Although Edwin has taught girls always, he does understand boys thoroughly. If we can get board with the Laurens ladies we will be quite near Louis and his sister, and as we get to know them we can find out how to help the boy without hurting his pride. I think all of you girls have shown the 'mettle of the pasture' in the way you have grappled with this very trying occasion."
"'Twas Dee! She thought of asking Louis to lunch and everything. Dee has so much heart, I wonder she is not lop-sided," said Dum, who was as upset as Zebedee over Dee's going to pieces. "You see, Dee and I have lots of fusses, but it is almost always my fault, because I am so mean.
Dee is the most wonderfullest person in the world."
Mrs. Green smiled and hugged the enthusiastic Dum.
"Yes, I know what a sister can be. My sister, Mildred, is not my twin in reality, but the Siamese twins cannot be closer than we are in spirit. I hardly ever see her now, either, as she lives in the northwest and I am at Wellington all winter and in Kentucky in the summer. Fortunately, love can work by wireless at any distance, so absence does not affect our affection for each other."
We told our lovely lady good night, and then it was she gave us the selfsame kind of kiss she had given Dee.
"Doesn't it seem ridiculous that we have known her only since this afternoon? I feel as though I had known her all my life. If I go to New York to study at the League, she is going to have me meet her sister-in-law, Mrs. Kent Brown. She is the one Miss Ball told us about who got in such funny sc.r.a.pes at college--you remember, Judy Kean, who dyed her hair black?"
Dum and I were in the elevator, on our way downstairs to hunt up Zebedee to tell him how Dee was faring. We found him in the lobby, still talking to Professor Green. He was greatly relieved that Dee was herself again, and I a.s.sured him that by morning she would be better than herself.
"I have been telling Green all about that poor Louis Gaillard," he confessed. "I did not feel it to be a breach of confidence, after the way Dee had flopped, letting the cat out of the bag half-way, anyhow; besides, I want him to talk the matter over with his wife. I feel that perhaps they will know how to help the boy."
"Molly will, I feel sure. She always sees some way to help."
Dum and I burst out laughing at Professor Green's words.
"That is just what she said about you," I laughed. "Dee wanted us to tell her all about Louis so she could talk it over with you, thinking there might be something you could suggest about helping him, and she said: 'Edwin will think of something to do for him. He understands boys thoroughly, if he does teach girls.'"
And so ended our first day in Charleston. What a day it had been! Rain and sunshine, wind and moonlight, poetry and prose, fiction and fact! A young life saved, and friendship born! Dee going off in hysterics, and Dum and I so tired at last that we could hardly crawl back into the elevator to be borne to our room!
We found Dee sleeping like a baby, and in five minutes we were sleeping like two more babies. I wonder if Louis Gaillard slept.
CHAPTER XIII
ENGAGING BOARD
Whether Louis slept or not on that night after his near-extinction, he was with us early the next morning to bring the glad news that the Misses Laurens would consent to receive us in their home. The Greens were as delighted as we were. Zebedee was to take the first available train to Columbia, and as Professor Green had some important mail to get off, arrangements were left to the females. We were to call on the Misses Laurens at eleven o'clock, accompanied by Claire Gaillard.

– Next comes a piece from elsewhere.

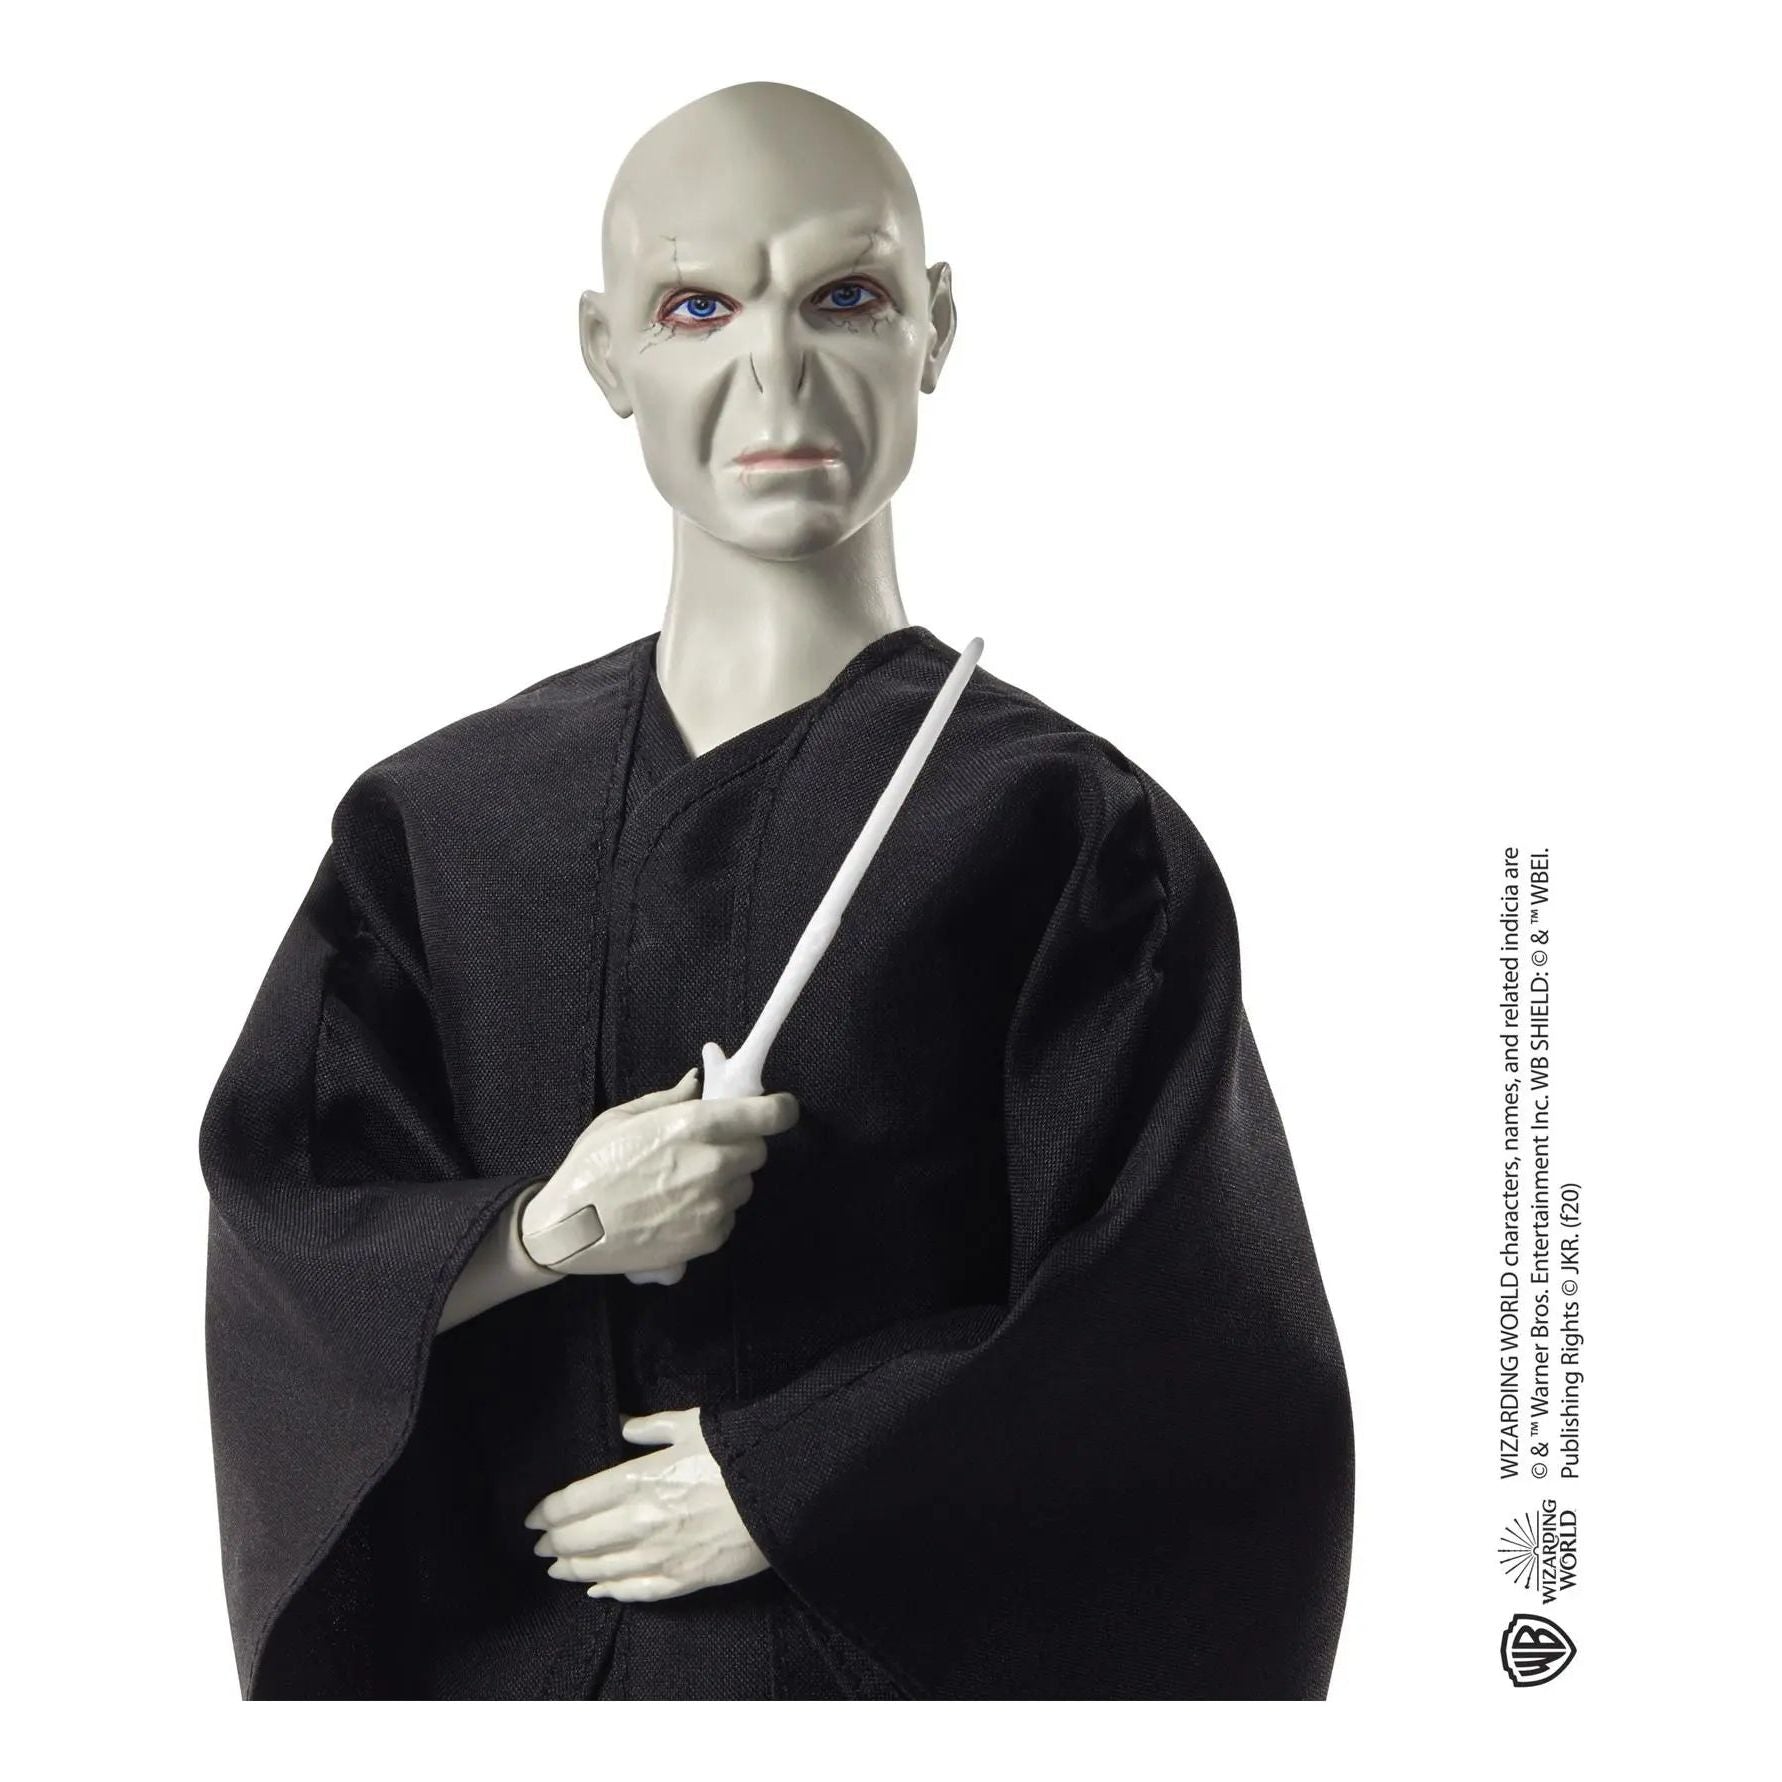 Harry Potter Lord Voldemort Doll Harry Potter

"Just to think that we are actually going to live in that old house!"
exclaimed Mrs. Green, who was quite as enthusiastic over anything that pleased her as any of us girls. "Do you think we can ever know the one who sang, well enough to ask her to sing to us?"
"I doubt it!" from Dum. "If they are as top-loftical in their home as they were in the bus the other morning, I doubt their even speaking to us. But I want to see their furniture and portraits whether they speak to us or not. I bet that house is just running over with beautiful things."
Claire, whom we picked up at her home on the way to the Misses Laurens', endeavored to prepare us for the stilted dignity of our prospective hostesses. We had seen them in the bus and knew how they could conduct themselves; but we had also seen them haggling for shrimps, so we knew they had their weaknesses; and we had heard one of them sing, and knew that she at least had a heart.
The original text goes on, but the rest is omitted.